Sur le papier, l’affrontement était “chimiquement pur” entre le candidat de la bien-pensance et la fille de Jean-Marie Le Pen. Mais il s’est passé quelque chose d’inattendu.

Marine Le Pen a instinctivement fait passer l’ancien parti de son père d’une orientation ethnoculturelle à une orientation sociale prédominante.
Cette femme, souvent moquée pour son manque de brio, a pourtant réussi, à force de persévérance, à faire de son parti la première force politique de France en assumant un populisme d’abord défini socialement, face à l’élitisme de Macron.

Le verdict des urnes en 2024

Après le verdict des élections européennes, Emmanuel Macron a voulu absolument une élection législative anticipée. Elle nous permettra, dans trois semaines, de dire plus précisément où l’on en est. Dressons un tableau provisoire, après les élections européennes:

+ Le macronisme et son arrogance de classe se sont effondrés. Malgré tous les efforts du président pour réprimer les mouvements sociaux (Gilets Jaunes, opposition à la réforme des retraites) et bloquer le débat politique (confinements pendant la période du COVID), il n’est plus possible de dissimuler la dislocation de la société française.

+ La gauche française s’accroche à une juxtaposition impossible entre le wokisme (l’identitarisme de gauche venu des USA) et le retour à une vieille rhétorique de “lutte des classes” dans la tradition du socialisme français.

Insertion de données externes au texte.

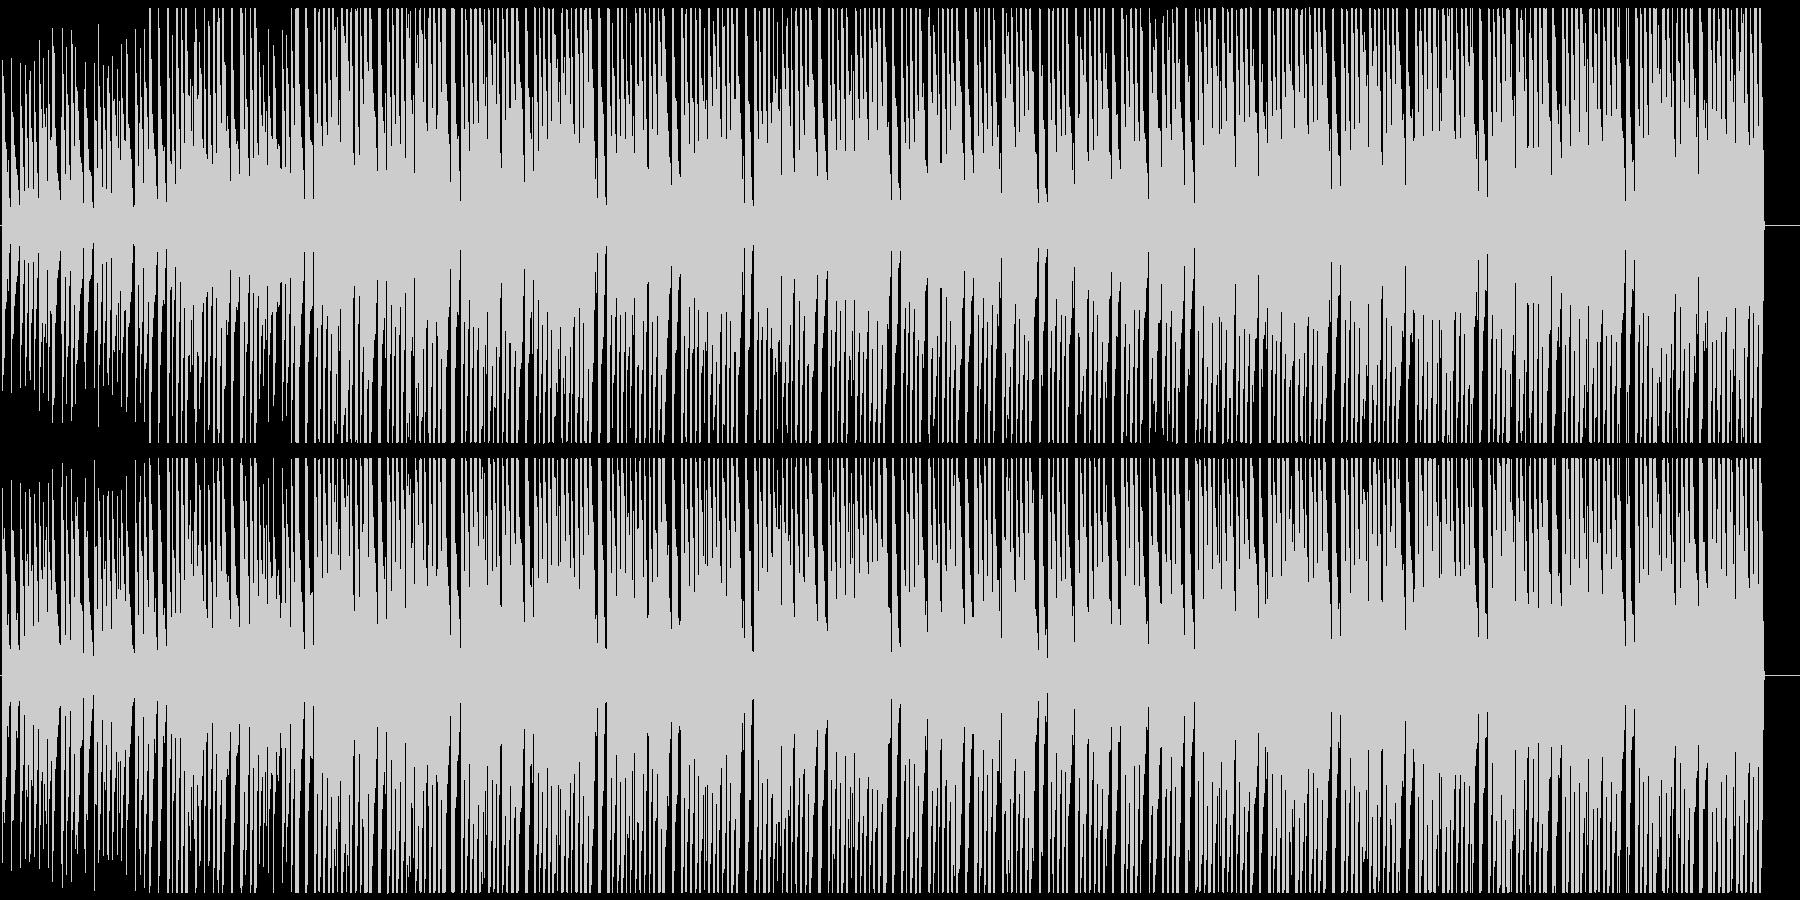 キラキラアフロビート トロピカルハウスの未再生の波形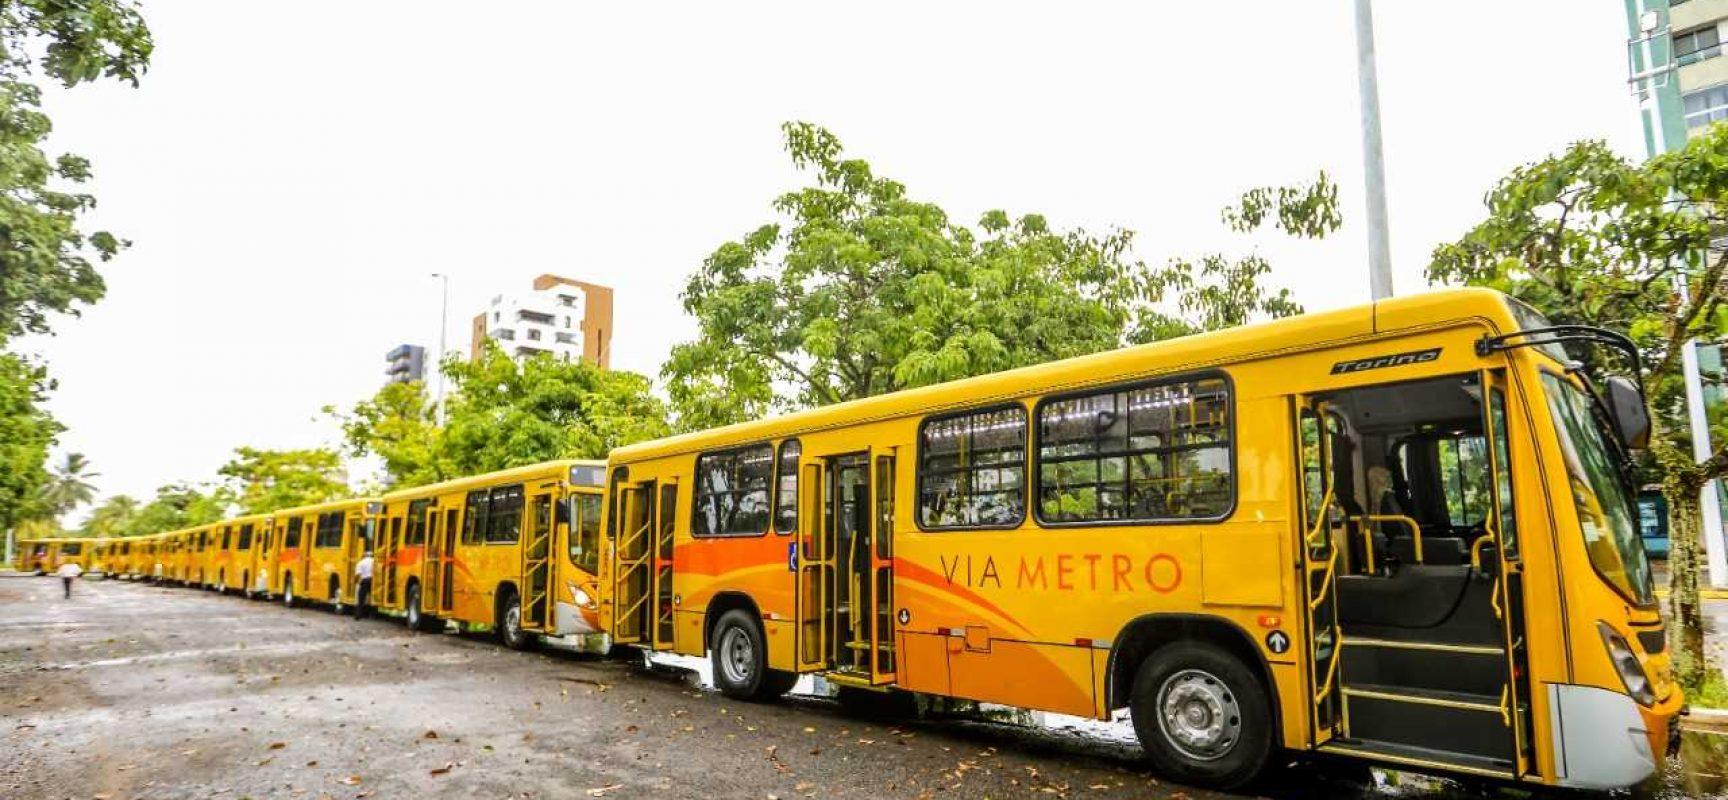 Viametro antecipa a entrega de 10 novos ônibus para a cidade de Ilhéus

+ Le rapport de forces entre le Rassemblement National (33%), Les Républicains (7%) et Reconquête (5,5%) est comme un plébiscite des électeurs de droite en faveur d’une droite socialement intégratrice plutôt qu’une droite à rhétorique ethno-culturelle ou une droite défendant la “sécession des élites”. Bien entendu, le Rassemblement National est encore au milieu du gué mais la justification, dans les urnes, de la stratégie de Marine Le Pen, devrait accélérer le retour des droites à leur vieux logiciel gaulliste et démocrate-chrétien.

La crise française ne sera surmontée que lorsqu’une personnalité politique, une nouvelle élite, retrouvera intégralement le levier “romain” de notre histoire. Le retour de la politique française dans son cadre naturel de débat est certes loin d’être achevé. Il n’empêche: la parenthèse anti-romaine de notre histoire est en train de se refermer.